Anthony Scaramucci's Job In 2019 Shows He's Keeping Busy After His White House Firing

by Jack O'Keeffe
Ben Gabbe/Getty Images Entertainment/Getty Images

Following his whirlwind tenure as a White House staffer, Anthony Scaramucci recently entered a very different kind of house: the Celebrity Big Brother house. Last July, the entrepreneur infamously served 10 days as the Trump administration's director of communications. But over six months after the storied ousting, you might be wondering: um, what is Anthony Scaramucci's job now?

Whatever he's doing, it's apparently working well for him. According to Money Inc, Scaramucci has an estimated net worth of $200 million. (For comparison, the grand prize for winning an average, summer-long, celebrity-free season of Big Brother is a measly $500,000.) The outlet further reports that Scaramucci was rumored to be earning an annual salary of $179,700 during his brief White House stint, but he's also involved in a number of other ventures — chiefly, the investment firm he founded, SkyBridge Capital, which specializes in "funds of hedge funds products, custom separate account portfolios, hedge fund advisory services and a long-only mutual fund," the official website states. According to CNN, Scaramucci had resigned from Skybridge in January 2017, but announced his return to the firm last April, after its scheduled sale to Chinese conglomerate HNA Group fell through because federal regulators didn't sign off on the deal. He currently serves as a co-managing partner, per the SkyBridge website.

According to Money Inc., Scaramucci receives income from his ownership shares in the firm, and made a reported $12 million prior to leaving to serve at the White House. Throughout his career, he's also invested in a number of outside projects: he opened a high-end restaurant in Midtown Manhattan called the Hunt & Fish Club in 2015, and as Sports Illustrated reported in 2017, he owns a minor stake in the New York Mets.
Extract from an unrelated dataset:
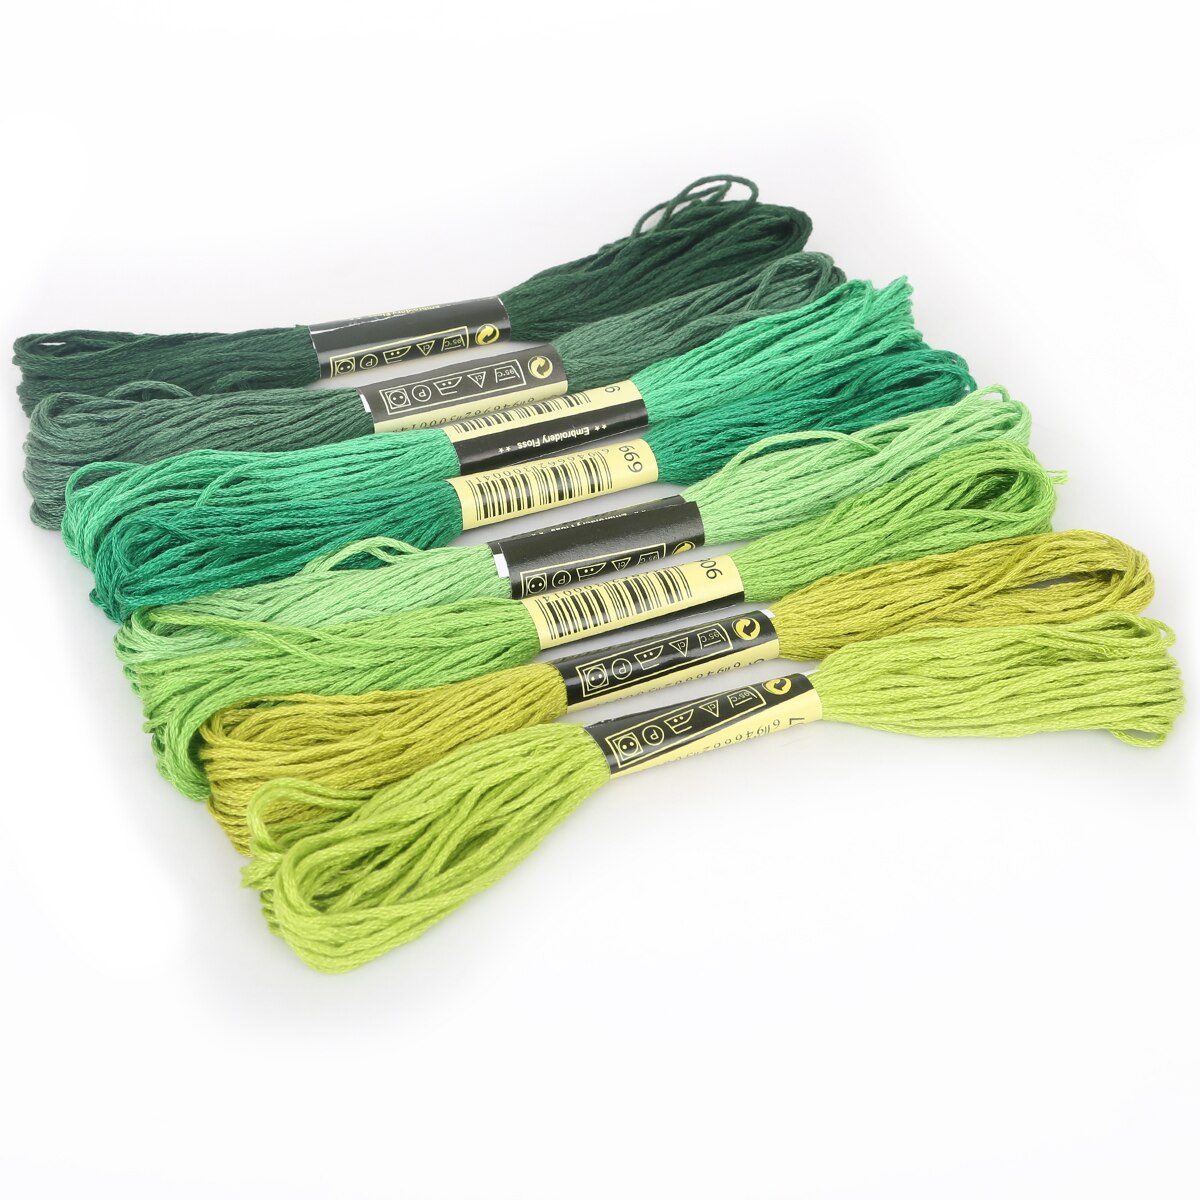 8pcs 7.5m Multiple Color Thread Cross Stitch Cotton Sewing Skeins Craft Embroidery Thread Floss Kit DIY Sewing Tools Accessories: Green

Furthermore, Scaramucci has made frequent appearances on CNBC and Fox Business Network, as well as published several books. He most recently published 2018's The Blue Collar President: How Trump is Reinventing the Aspirational Working Class, which he summed up to the New York Post as "an entrepreneur writing about an entrepreneur who has now ascended into the presidency."

So, between his investment firm, robust financial portfolio, and detour into reality TV, Scaramucci is seemingly busier now than he was during his short time in the White House. And he may have even set a new record for himself: lasting in the Big Brother house for an even shorter amount of time than he did in the White House.

Scaramucci revealed in a recent Periscope that he is no longer in the Celebrity Big Brother house, but declined to say why he left. Was he evicted early? Did he leave of his own volition? Was his involvement merely a stunt and he never intended to stay for the entirety of the season? Scaramucci explained that he went on the show so that he could connect with blue-collar families, and admitted that while his time in the house was not long, it was a "tremendous amount of fun." With so much going on, it seems that Scaramucci simply had to get back to work.